Dashwood (original name Friedsburg) is a small, primarily residential, community in southwestern Ontario, Canada. It is a former police village, at the intersection of Bronson Line and Dashwood Road, on the boundary between the municipalities of Bluewater and South Huron. Dashwood is approximately 50 kilometres northwest of London, near the resort village of Grand Bend on the southeast coast of Lake Huron.

==History==
Dashwood began when the brothers Noah and Absalom Fried formerly of Blenheim Township in Oxford County, resettled in the area in 1853. They first erected a sawmill, followed shortly by a grain mill, on the site of the future community serving the needs of the influx of mainly European settlers brought about by the local development of Canada Company lands earlier in the century.
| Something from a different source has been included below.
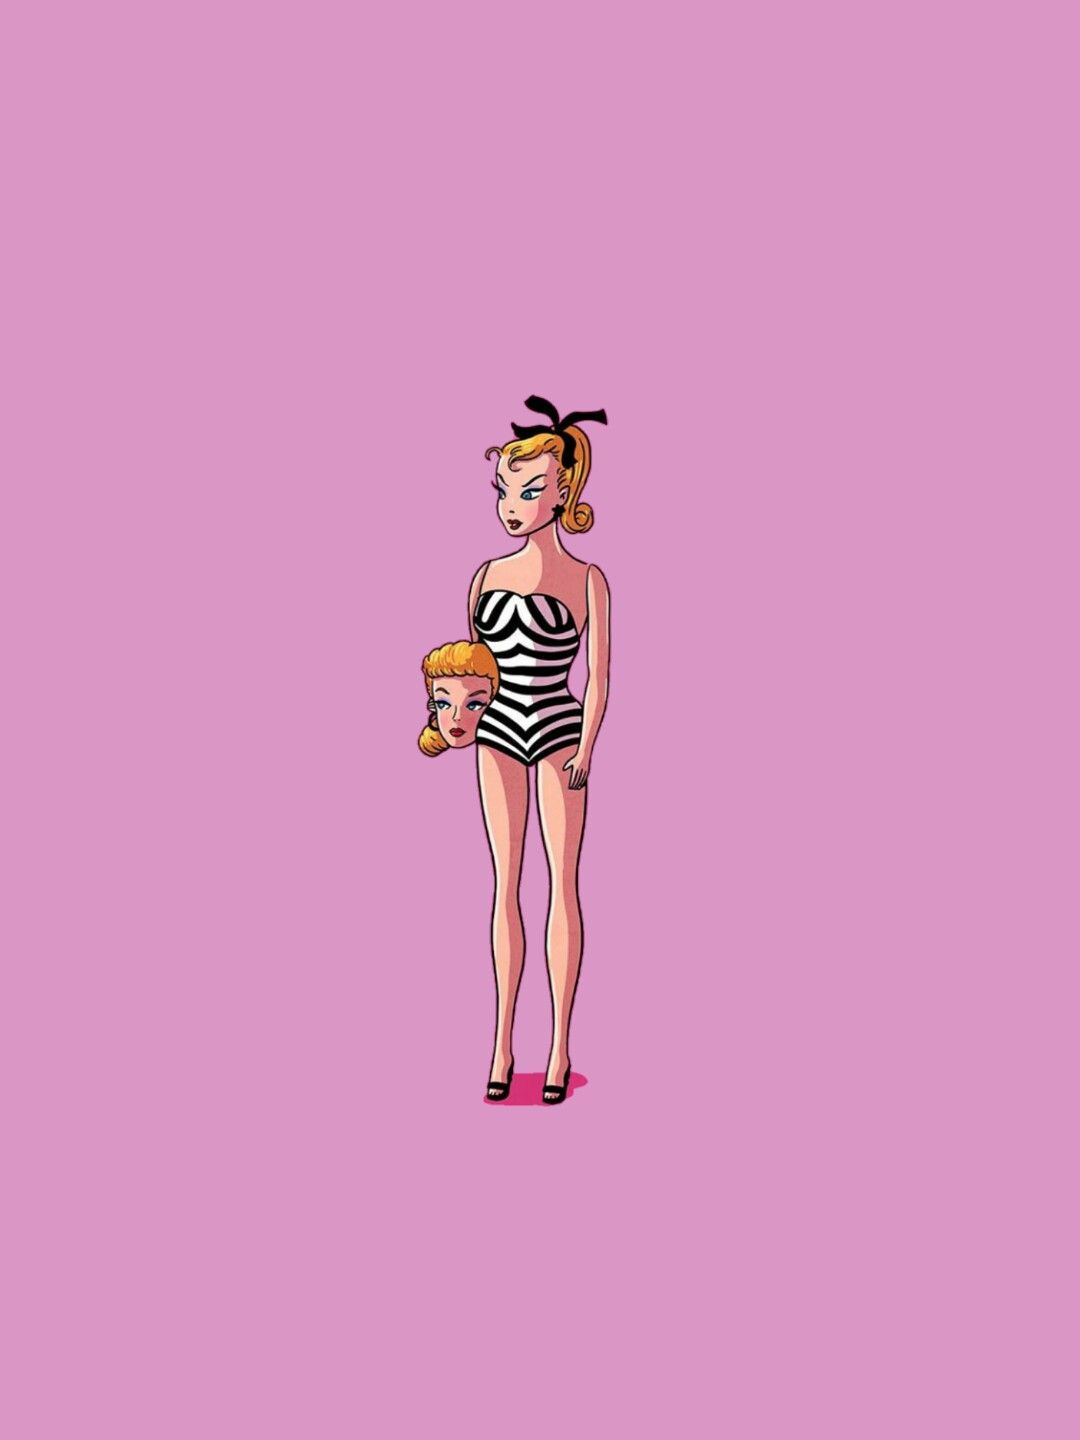 Tumblr aesthetics minimalist wallpaper barbie #wallpaper #barbie #tumblr # aesthetic. Barbie, Wallpaper, Phone wallpaper
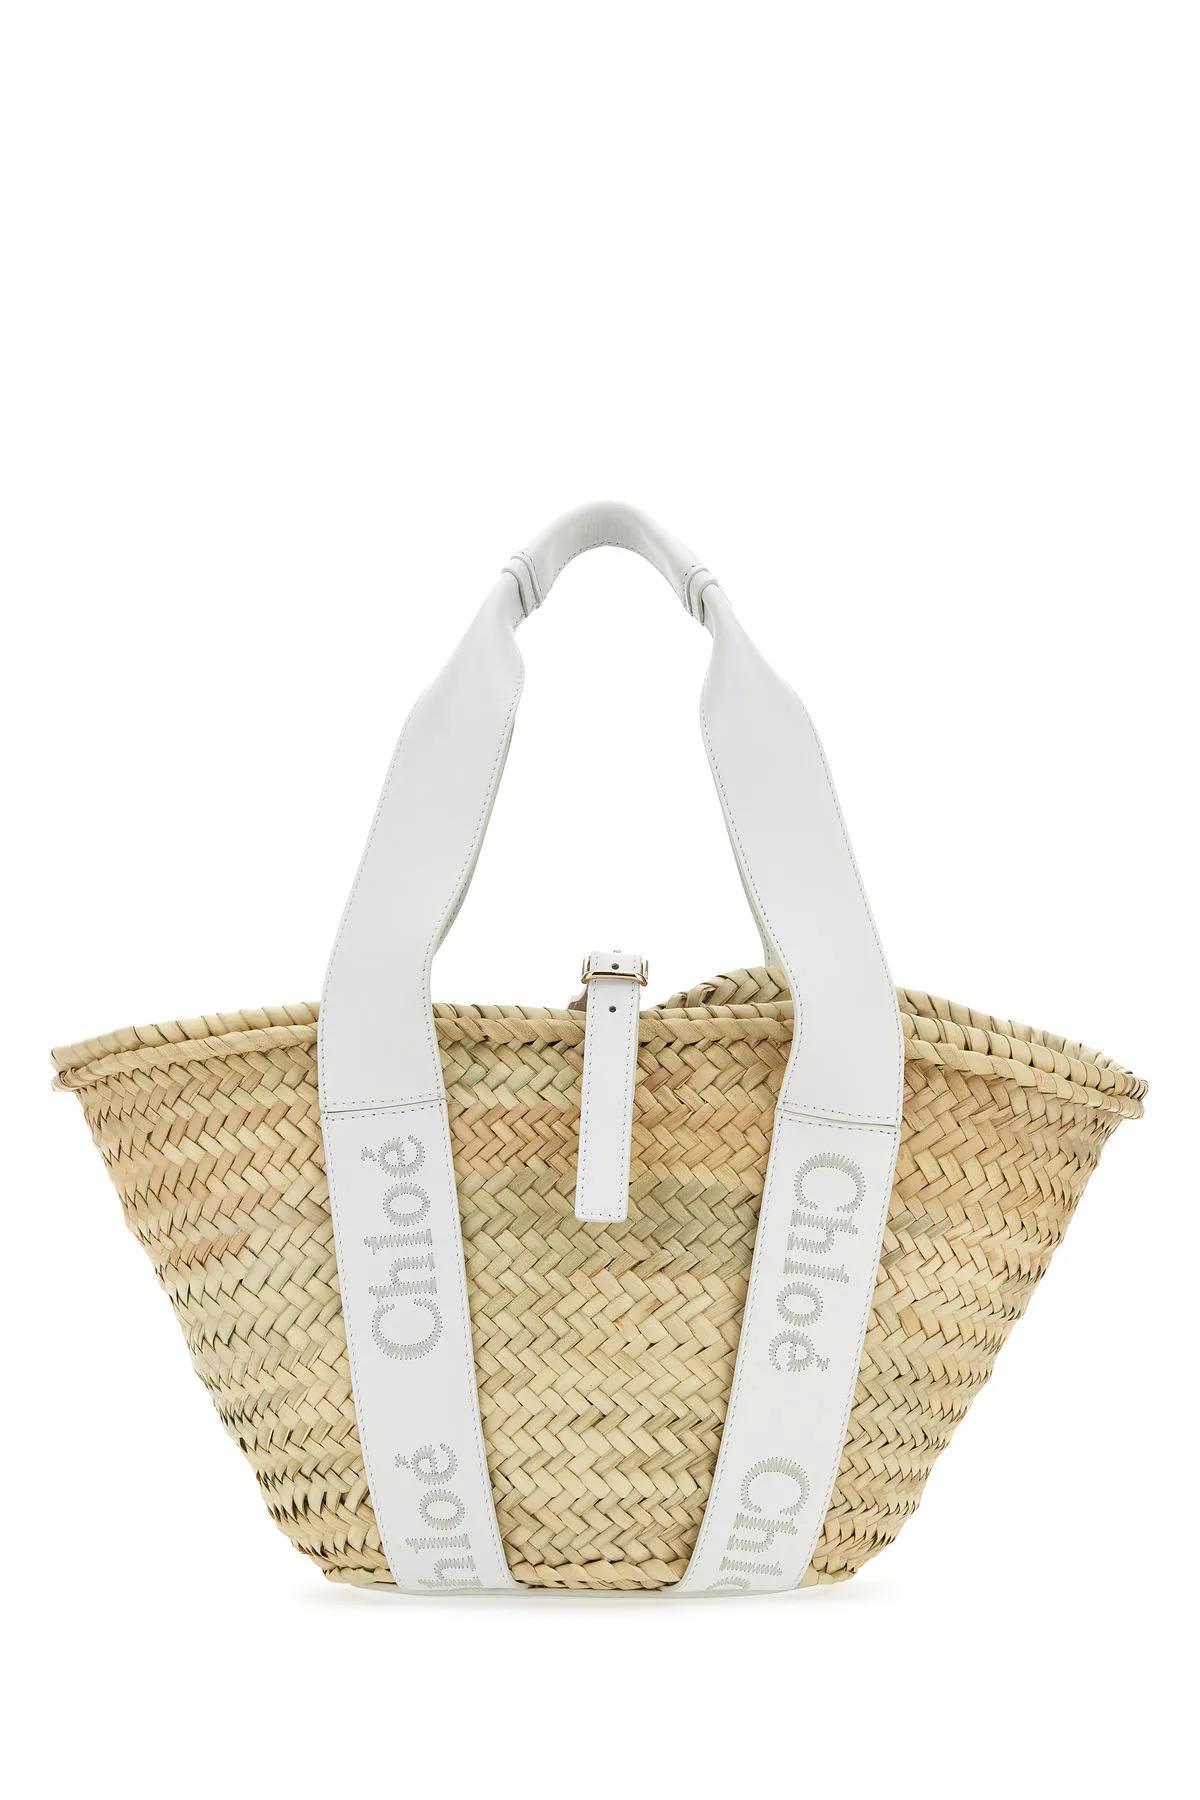 Chloé Raffia Sense Handbag in White | Lyst

They had intended to build their mills at Sarepta, 2 km east of the present site of Dashwood on Dashwood Road, but they changed their plans when lower cost land became available at the current site. The name of the community was changed from Friedsburg to Dashwood in December 1871, when a post office was opened, Noah Fried became the first postmaster. Although the subject of some debate Dashwood was likely named after Dashwood House, in London England, the headquarters in Britain of the once regionally important Grand Trunk Railway. Peak economic activity occurred in Dashwood in the early to mid-20th century and at its height included a number of mills, hotels, general stores, a regionally large-scale window manufacturing company and an assortment of shops and services geared to its rural surroundings.